Cover of Cultivating Community by Jodey Nurse

Cultivating Community: Women and Agricultural Fairs in Ontario tells the story is how women’s involvement became critical to agricultural fairs’ growth and prosperity. By examining women’s diverse roles as agricultural society members, fair exhibitors, performers, volunteers, and fairgoers, I show that women used fairs’ manifold nature to present different versions of rural womanhood. Although traditional domestic skills and handicrafts, such as baking, needlework, and flower arrangement, remained the domain of women throughout this period, women steadily enlarged their sphere of influence on the fairgrounds. By the mid-twentieth century they had staked out a place in venues previously closed to them, including the livestock show ring, the athletic field, and the boardroom.

The transformation of women’s roles at fairs is the central narrative in this text, but this book also provides a broader story of change in the countryside. While some features of township and country fairs endured for generations, other elements of the fair underwent important changes that reflected the social, economic, and environmental transformation happening in Ontario and elsewhere.

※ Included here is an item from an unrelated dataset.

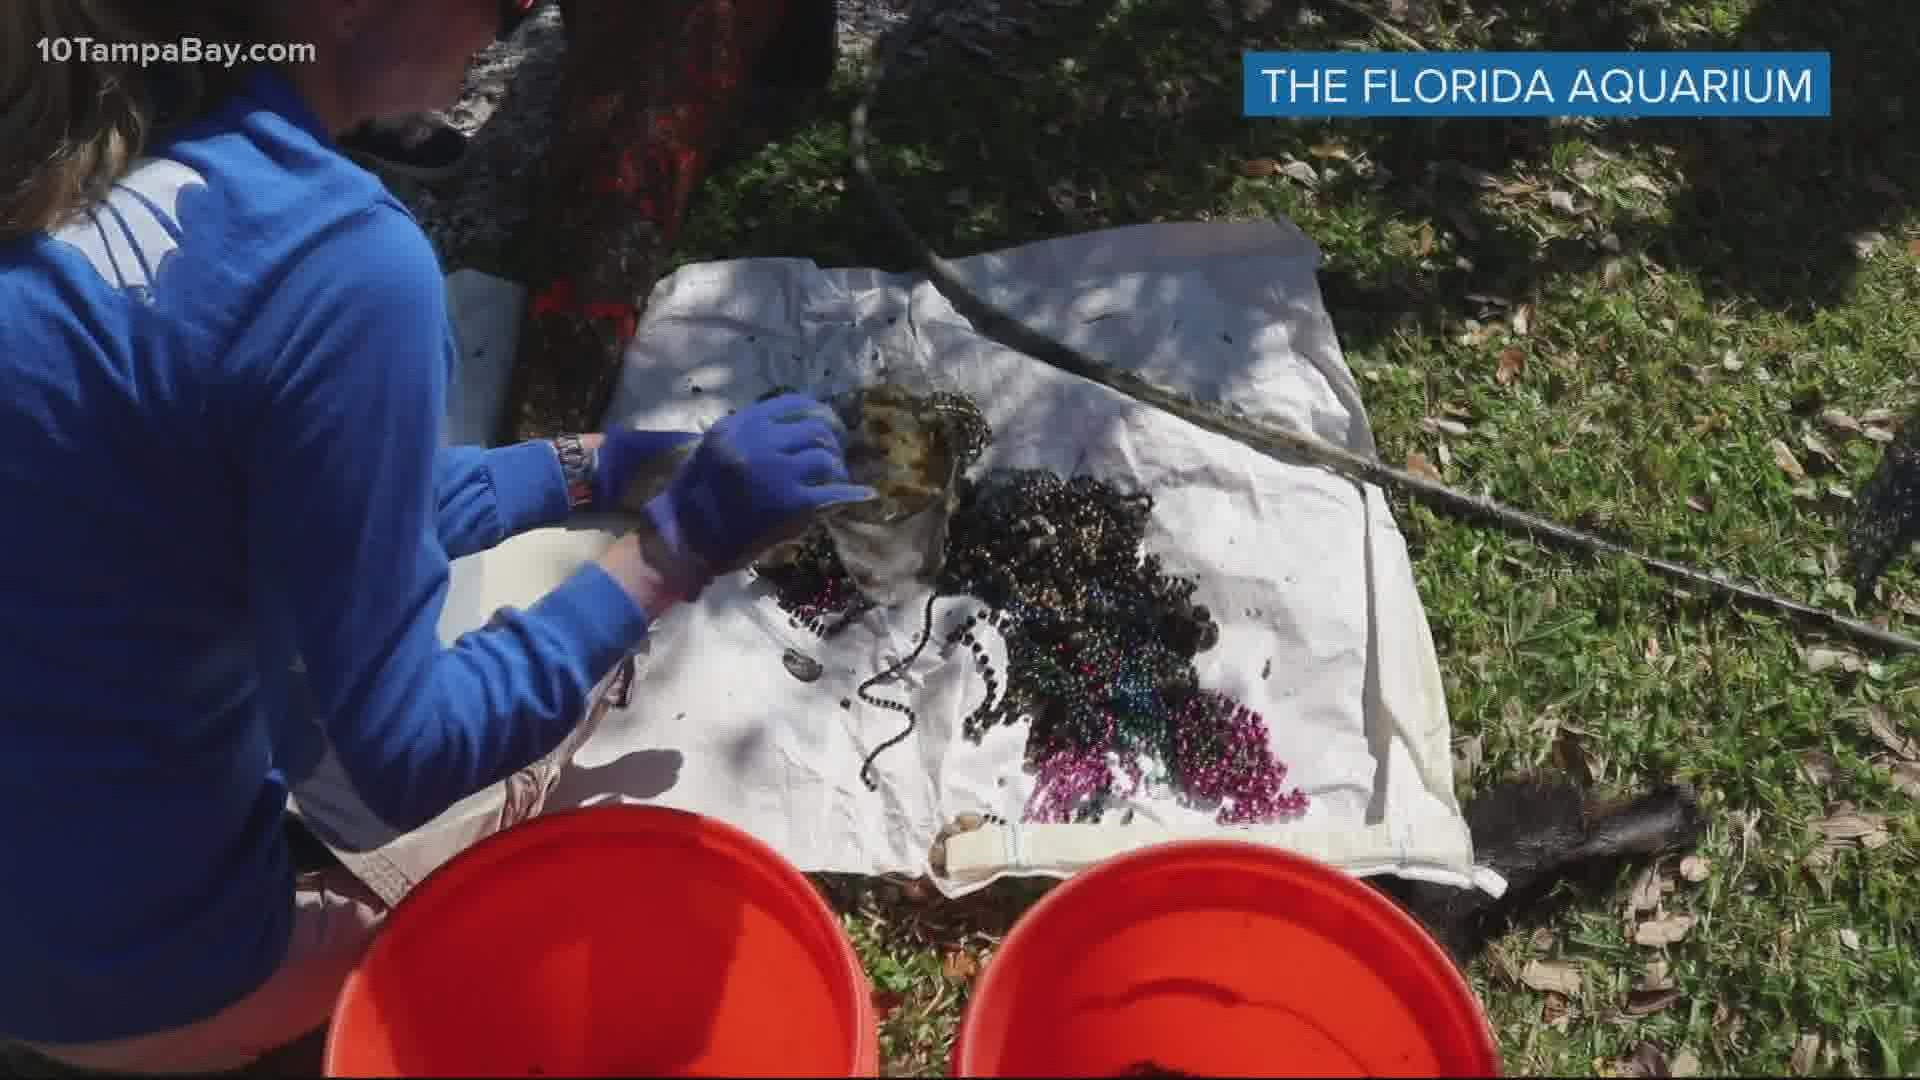 A total of 7.65 pounds of beads were fished out during the cleanup from Seddon Channel.

When I was invited to promote the book on NiCHE’s website, I saw this as an opportunity to highlight the ways it contributes to our understanding of some of these changes, specifically changes in the provisioning of foodstuff, for which women were especially important.

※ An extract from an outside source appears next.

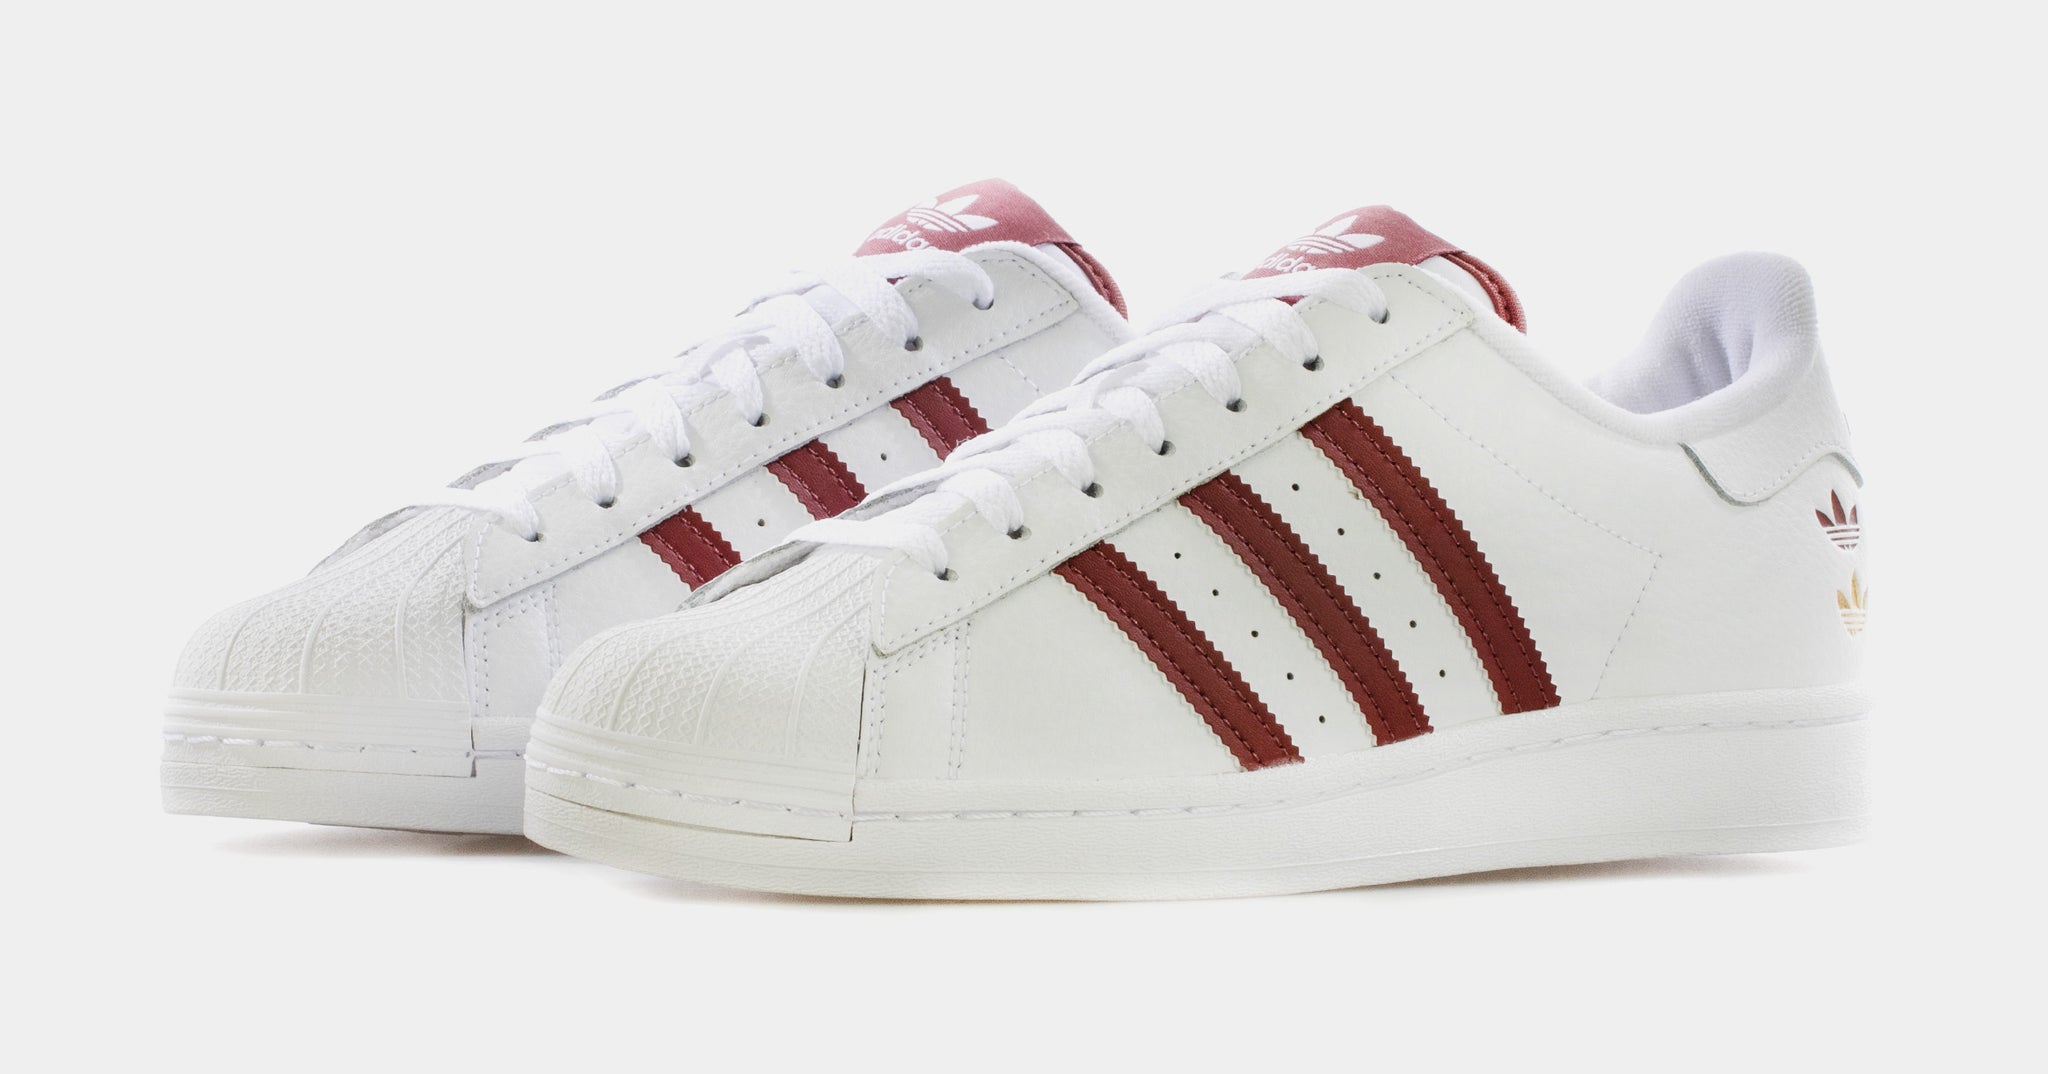 adidas Superstar Mens Lifestyle White Burgundy Red GY0976 – Shoe Palace

In the second chapter of the book, I focus on how food is intrinsically connected with the agricultural fair. While we may think about fair food in terms of midway concession stands, which are associated with items like cotton candy, French fries, or even the more recent invention of the deep-fried Mars bar, or the more traditional displays of homemade bread, pies, cakes, jams, jellies, and other foodstuff in the homecrafts buildings, a deeper reflection reveals how food was essential to most displays on the fairgrounds – be that the prize-winning livestock or the uniform groups of fruits, vegetables, grains, and other agricultural crops on display. Fair food items often represented the seasonal harvests and bounty of the countryside. The quality and quantity of the items exhibited illustrated broader notions of settlers’ individual, regional, and national ideas of progress and improvement.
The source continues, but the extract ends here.